Two weeks following his original admission, he represented with chest pain and shortness of breath at which point his COVID-19 tests were negative. CT pulmonary angiogram (CTPA) showed a large left hydropneumothorax. Air fluid levels were seen in the collection which comprised the entirety of the left lower pleural cavity. The imaging did not clearly delineate between the left lower lobe/fluid collection and so the differential between parenchymal abscess, necrotic lung and empyema was unclear.

The right lung demonstrated patchy basal consolidation and a small air fluid collection consistent with COVID-19 infection. Empirical antimicrobial therapy in the form of clarithromycin and piperacillin/tazobactam was commenced at the referring hospital. Antibiotics were escalated to meropenem on transfer to the regional thoracic centre. An intercostal drain was inserted with an anterior approach, using Seldinger principles. Pleural fluid sampling demonstrated a pH of 7.1 indicative of infection. Microbiology cultures were reported negative but the patient was on broad spectrum antibiotics prior to sampling. However, this intervention failed to drain the pleural cavity.

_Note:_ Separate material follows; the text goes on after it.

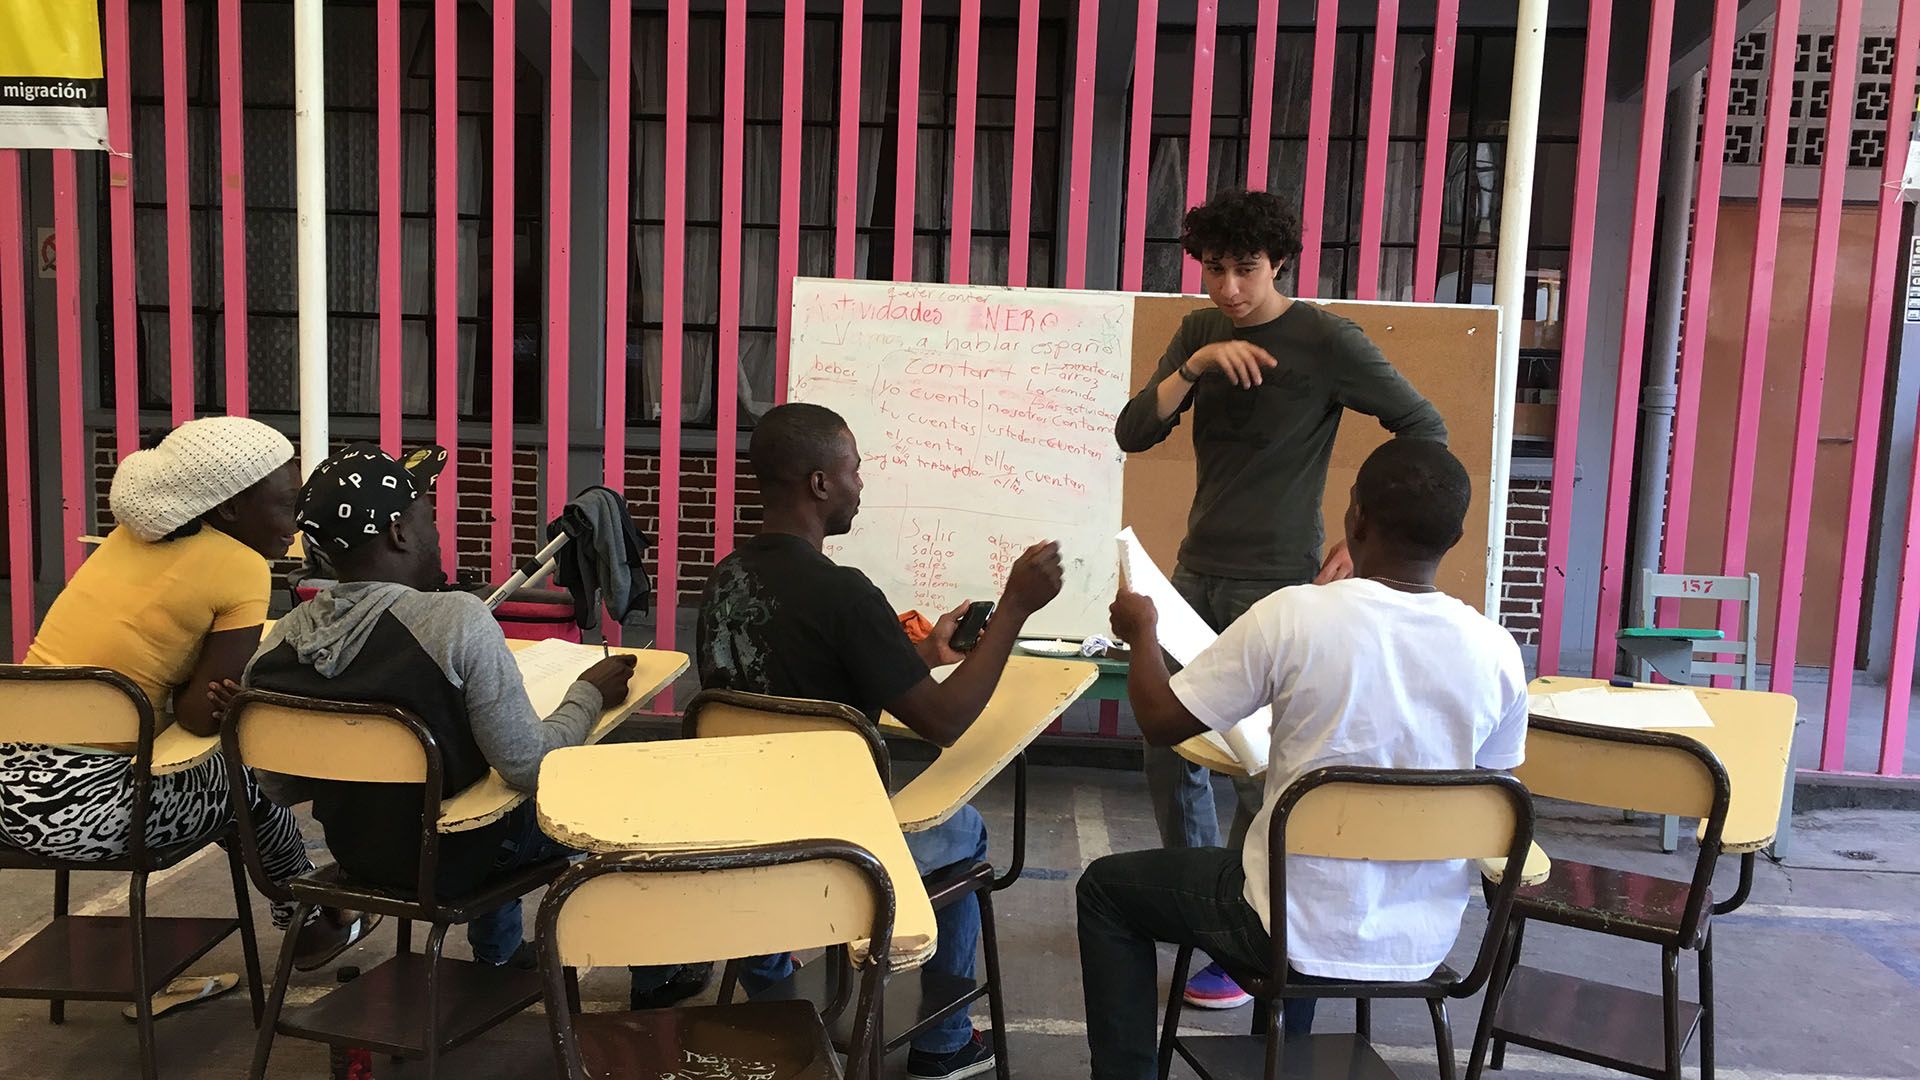 Spanish class migrant shelter hero

Imaging failed to differentiate between empyema, parenchymal abscess and necrotic lung. As such, lytic therapy was not considered. The patient underwent a left uniportal video-assisted thoracoscopy 6 weeks after his initial presentation with the intent of performing a left pleural washout and decortication. However, on visualisation of the lung it became apparent that pathology was primarily intraparenchymal rather than pleural. The lower lobe was dark in colour, friable and clearly necrotic. The surgical team proceeded to left lower lobectomy.

The patient returned to the ward where antibiotics were continued. An immediate fall in white cell count and C reactive protein was noted with continued decline toward normal. Sinus tachycardia persisted for 2 weeks but was resolved by the time of discharge. No further surgical intervention was required following return to baseline physical function. Antibiotics were discontinued at the point of discharge. The patient was mobile and independent in activities of daily living. There was no subsequent readmission. CXR at the time of discharge demonstrated clear pleural spaces with loss of volume in the left hemithorax consistent with his post lobectomy status.